The normal clutch consists of four or five eggs, and rarely six or seven. The egg is a broad oval, rather pointed at the smaller end. The texture is hard and fine and there is a fair gloss. The ground colour is any shade of blue-green, and is blotched, speckled and streaked with dull reddish-brown, pale sepia, grey and neutral tint. In size the eggs average about 1.45 by 1.05 inches. The jungle crow can serve as a host for the Asian koel.

===Roosting===
Gregarious at roosts with many thousands at some roost sites. Large flocks may be seen at dusk arriving at major roost sites.
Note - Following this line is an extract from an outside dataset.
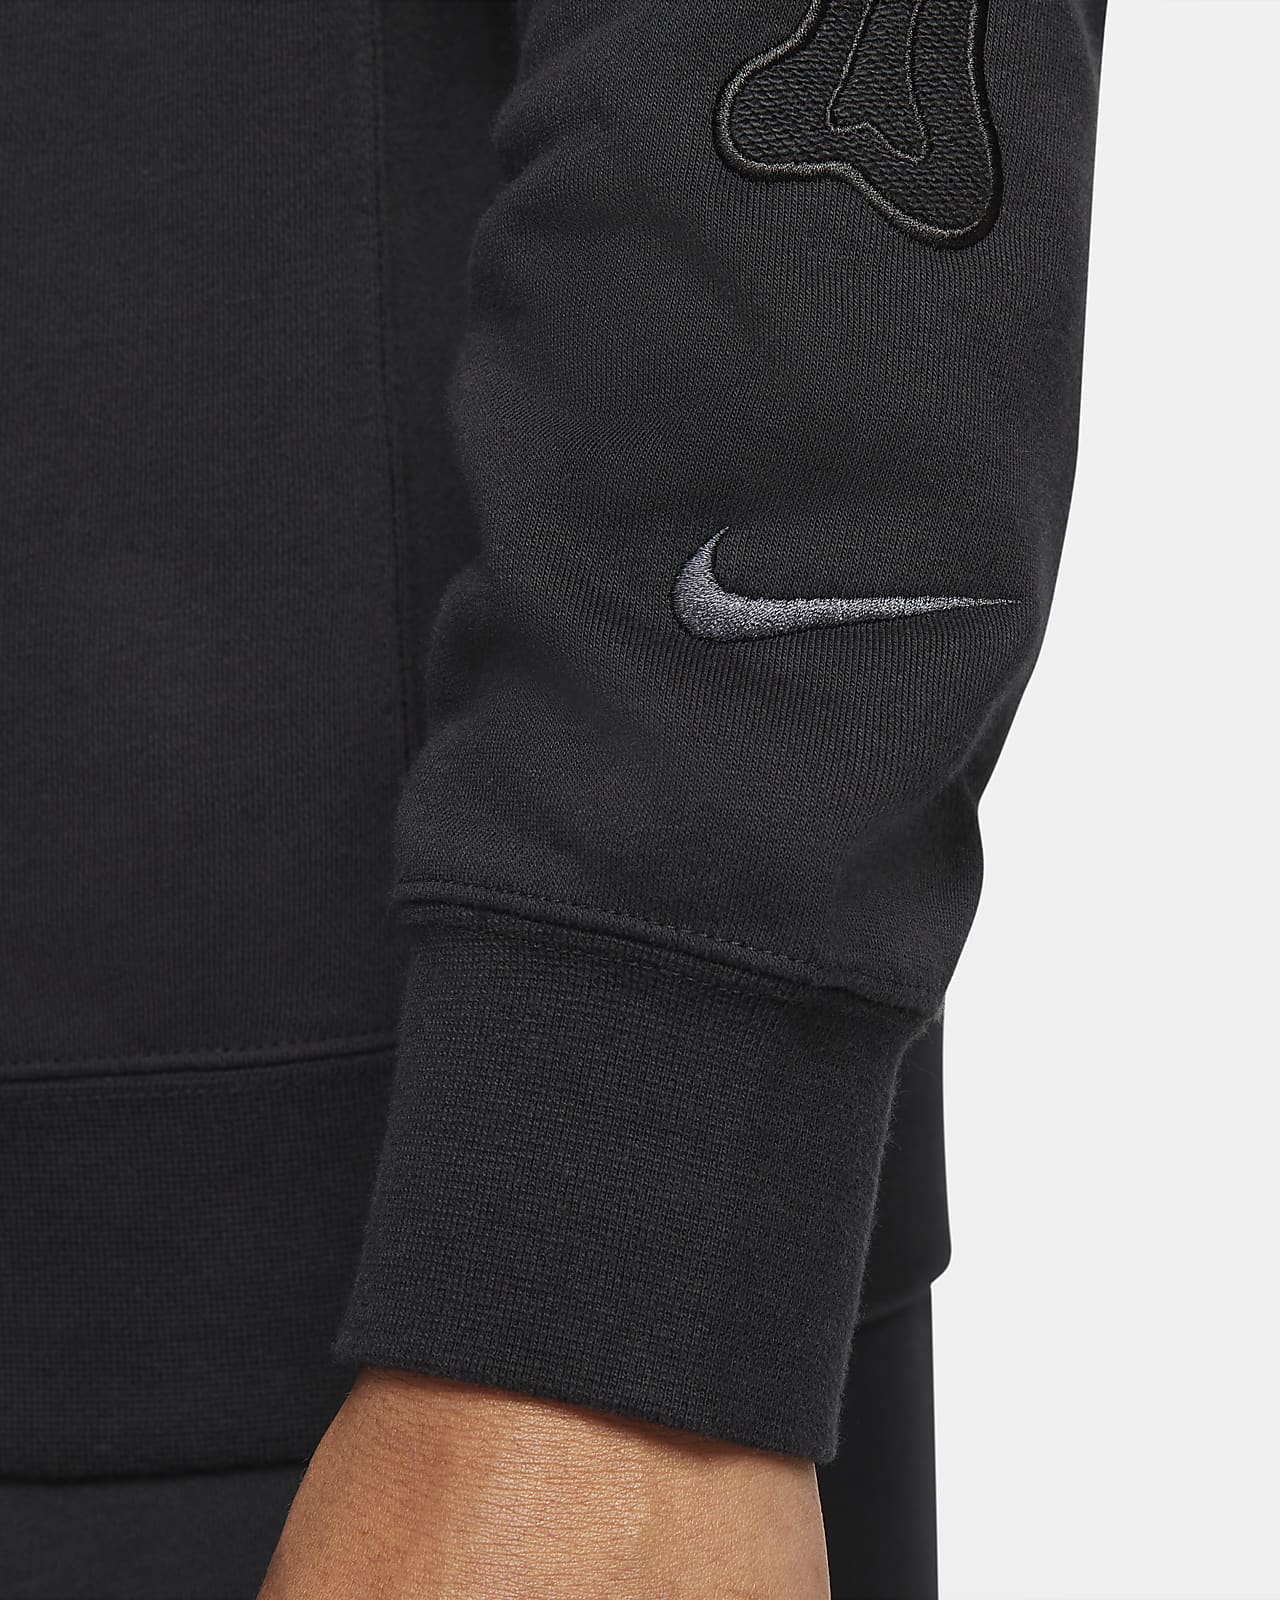 Nike Training - 742618-065 - Sweat-shirt à capuche sans manches - Gris

These roosts show no apparent reduction even during the breeding season, and this is because they do not breed during their first year. During the day pairs may be involved in defending their territory but at night they may roost in large groups. They have linear dominance hierarchies that are remembered based on individual recognition.

==Voice==
The voice is similar to the house crow to which it is closest, but deeper and usually more resonant and described as the usual loud "caa-haa-caa". However, it makes a range of calls, some which could be described as "cau cau" and others that could be mistaken for a woodpecker drumming.

==Mortality factors==
There are few predators of this species. Filarial parasites have been reported from this species. Pathogenic viruses such as H5N1 have been noted to cause mortality in Japan. Large scale deaths have also been noted to be caused by Clostridium infection and enteritis.